It’s a currency war, version 2.0. Between bitcoin and Libra, renamed Diem, the central bank wanted to maintain their monopoly. The ECB is working on the digital euro. Switzerland is advancing.
Imagine for a moment that you could have a direct euro account with the European Central Bank (ECB), maybe even with an interest rate? This digital euro or digital euro will be the final, safest form of currency, because it is stored at the source, with institutions that print banknotes and manage monetary policy. What happens to commercial banks where we all still have deposits? Are banks disappearing from the landscape?
We’re not there yet. But the ECB is indeed working on the creation of a digital euro. And he’s not the only one. From Sweden to China via Switzerland, we thought about it. The Swiss National Bank even announced Thursday that it had completed a feasibility study for such a currency in collaboration with the Bank for International Settlements (BIS), the “central bank”. However, the project called Helvetia did not concern the individual, at least initially.
The pandemic has further increased the appeal of digital payments, including contactless payments.
Undoubtedly, the first central banks to implement such a digital currency will enjoy a competitive advantage. Because let’s face it, central banks are also in competition with each other, their currencies are competing. The issuing institutions, however, have the same wish: they wish to maintain their monetary monopoly at all costs. This is why they are taking a dim view of the renewed interest in bitcoin. The latter, which presented itself as a bulwark against the overused central bank printing press, returned to woo with $ 20,000. Above all, it managed to attract large investors. Even well-known managers like Stanley Druckenmiller, Soros’ former right hand man, and Paul Tudor Jones have given up on this cryptocurrency siren. But bitcoin, which maintains a very speculative flavor, may not be the most dangerous asset in the eyes of issuing institutions. The one that has been criticized the most is Libra, the currency announced in 2019 by Facebook.. Because here we are potentially talking about nearly 3 billion potential users. The criticism came from regulators (concerns about financial system stability, risk of money laundering, etc.) so that the initial partners, Visa, PayPal and Mastercard, immediately left the ship.
This week, the Libra Association, which is piloting the project, announced a name change to “Diem.” The project, which brings together companies such as Spotify, Uber, Lyft, Iliad or Coinbase, has largely revised its ambitions downward, taking regulatory statements into account. Association is important immediately launched “stablecoins”, the currency associated with another asset, in this case the dollar.
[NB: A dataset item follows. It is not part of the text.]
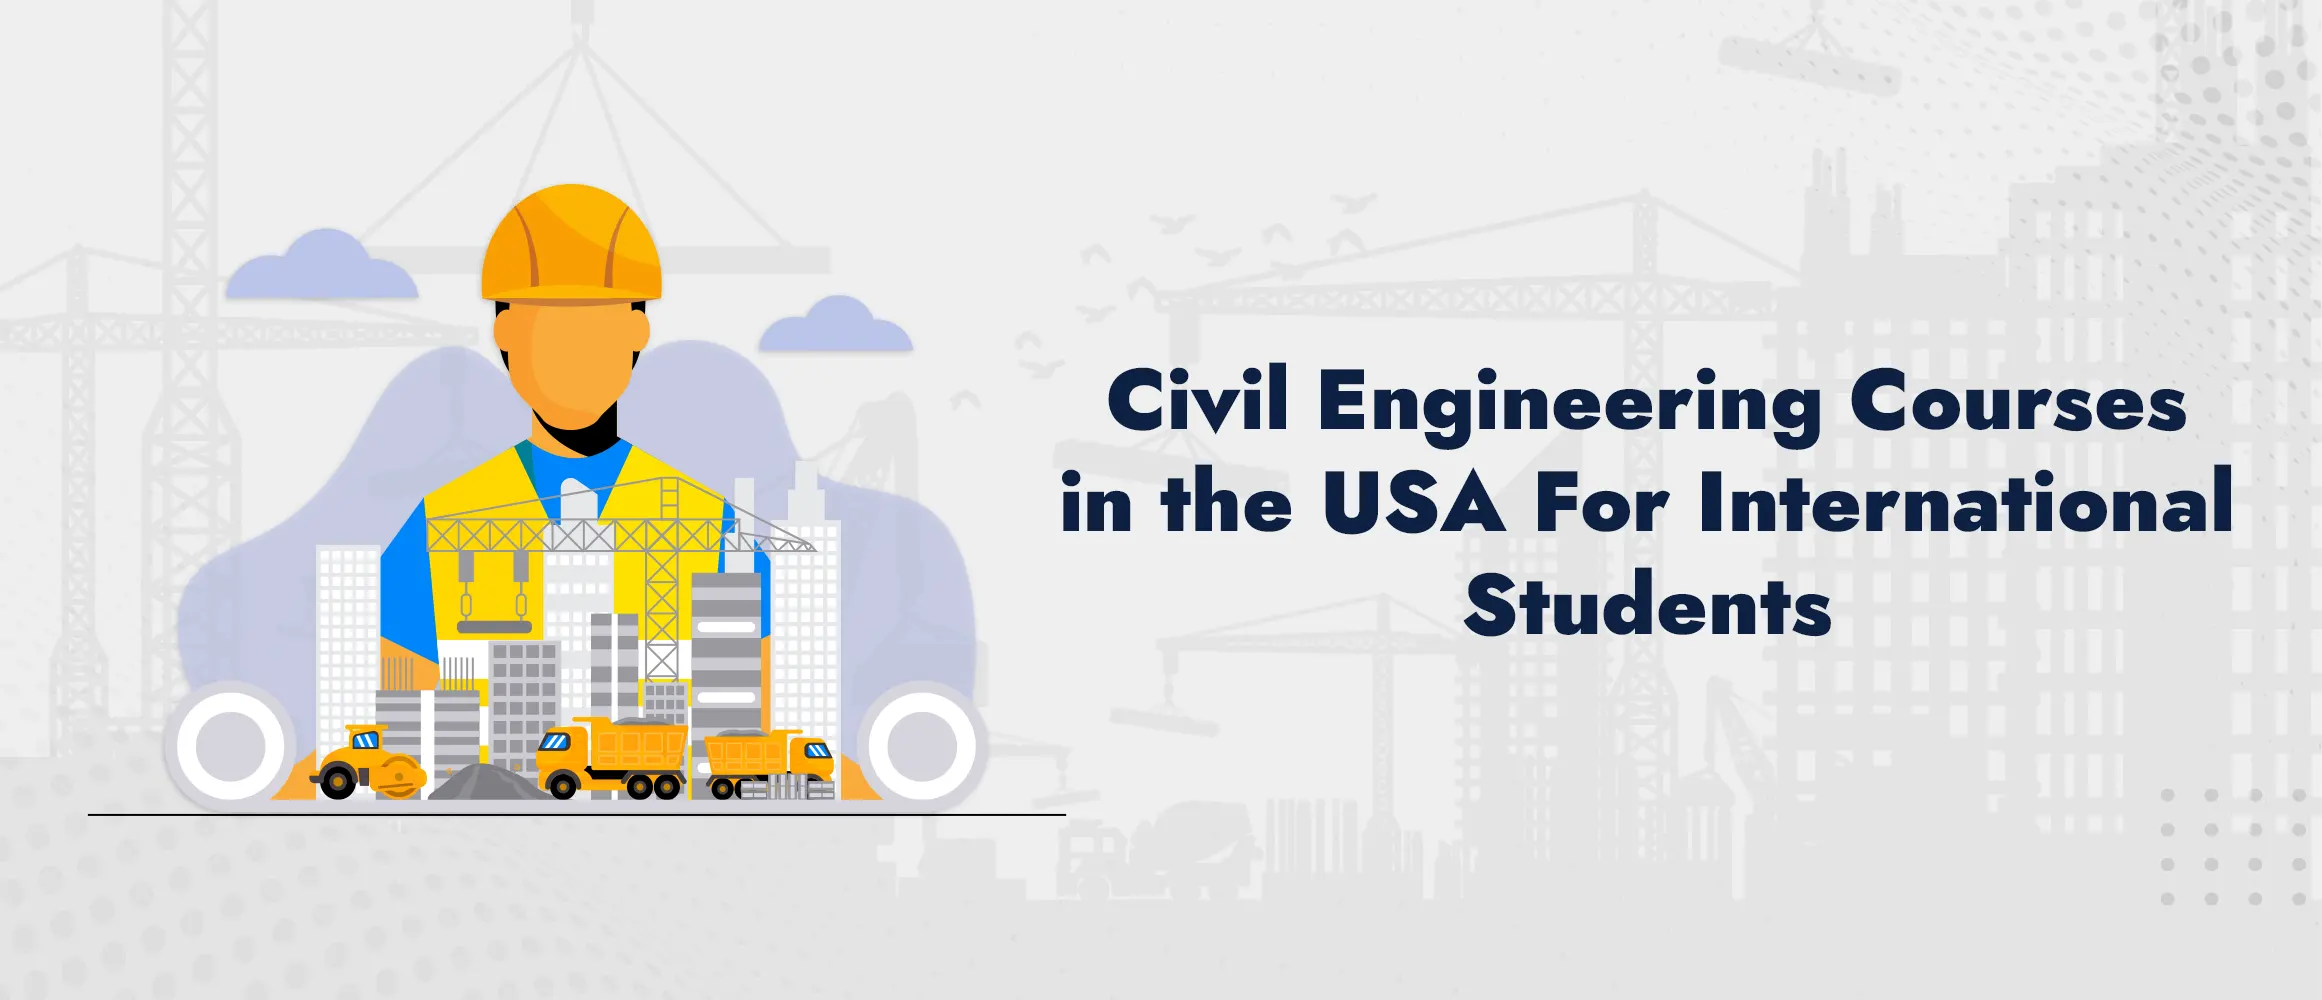 Civil Engineering Courses In the USA For International Students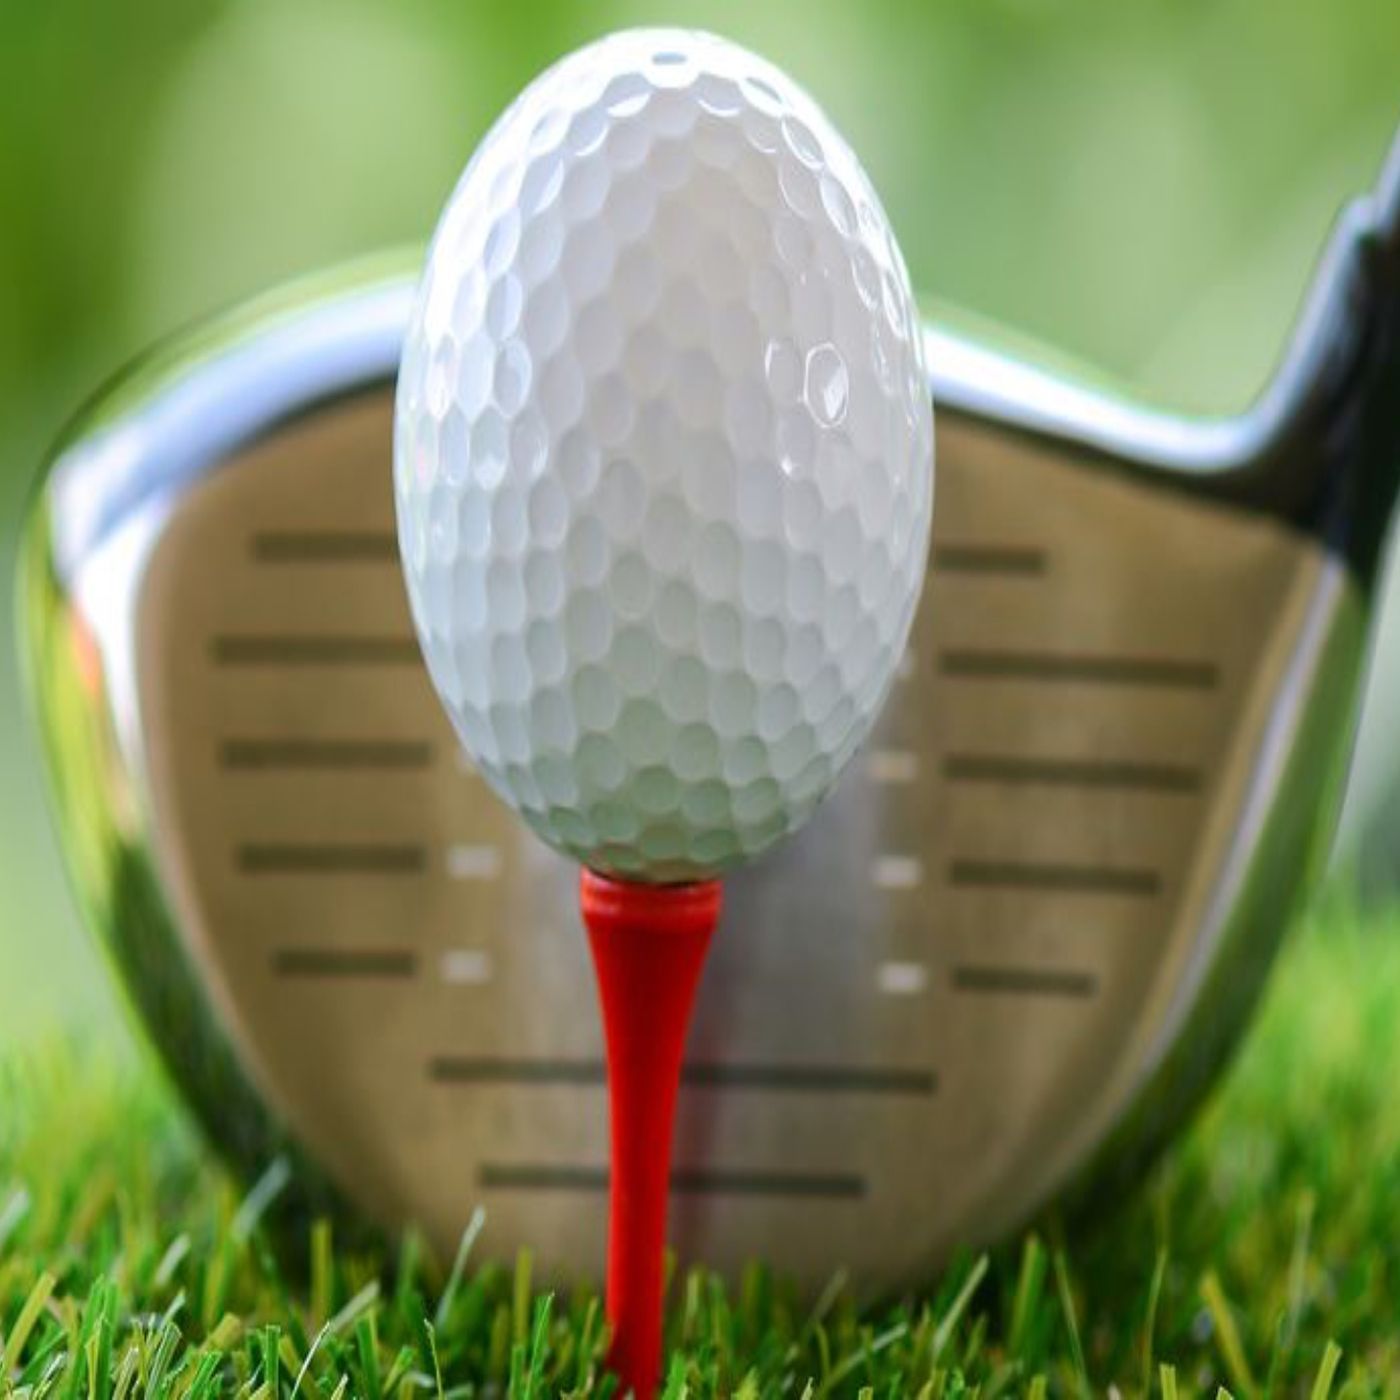 Has the game of golf become too hard hitting?

The pressure on the central bank will not abate. The pandemic has further increased the appeal of digital payments, including contactless payments, even though the figures show that residents still value their money. This is why on the part of the European Central Bank, Christine Lagarde and Fabio Panetta argue that the digital euro will exist alongside cash.
The ECB has not officially taken the decision to launch such a digital euro. In a report, it also highlights risks to financial stability. Because let’s imagine a new banking crisis like in 2008. Savers will soon abandon their traditional bank accounts to switch to digital euros (safer) with the ECB. Some kind of huge digital “bank run” capable of creating real chaos.
Hence, the questions remain numerous. Can the ECB go beyond the head of the bank and offer accounts to individuals? Should the amount of deposits in the ECB be limited? Should they have an interest rate? The answers to these questions will shape the financial landscape for decades to come.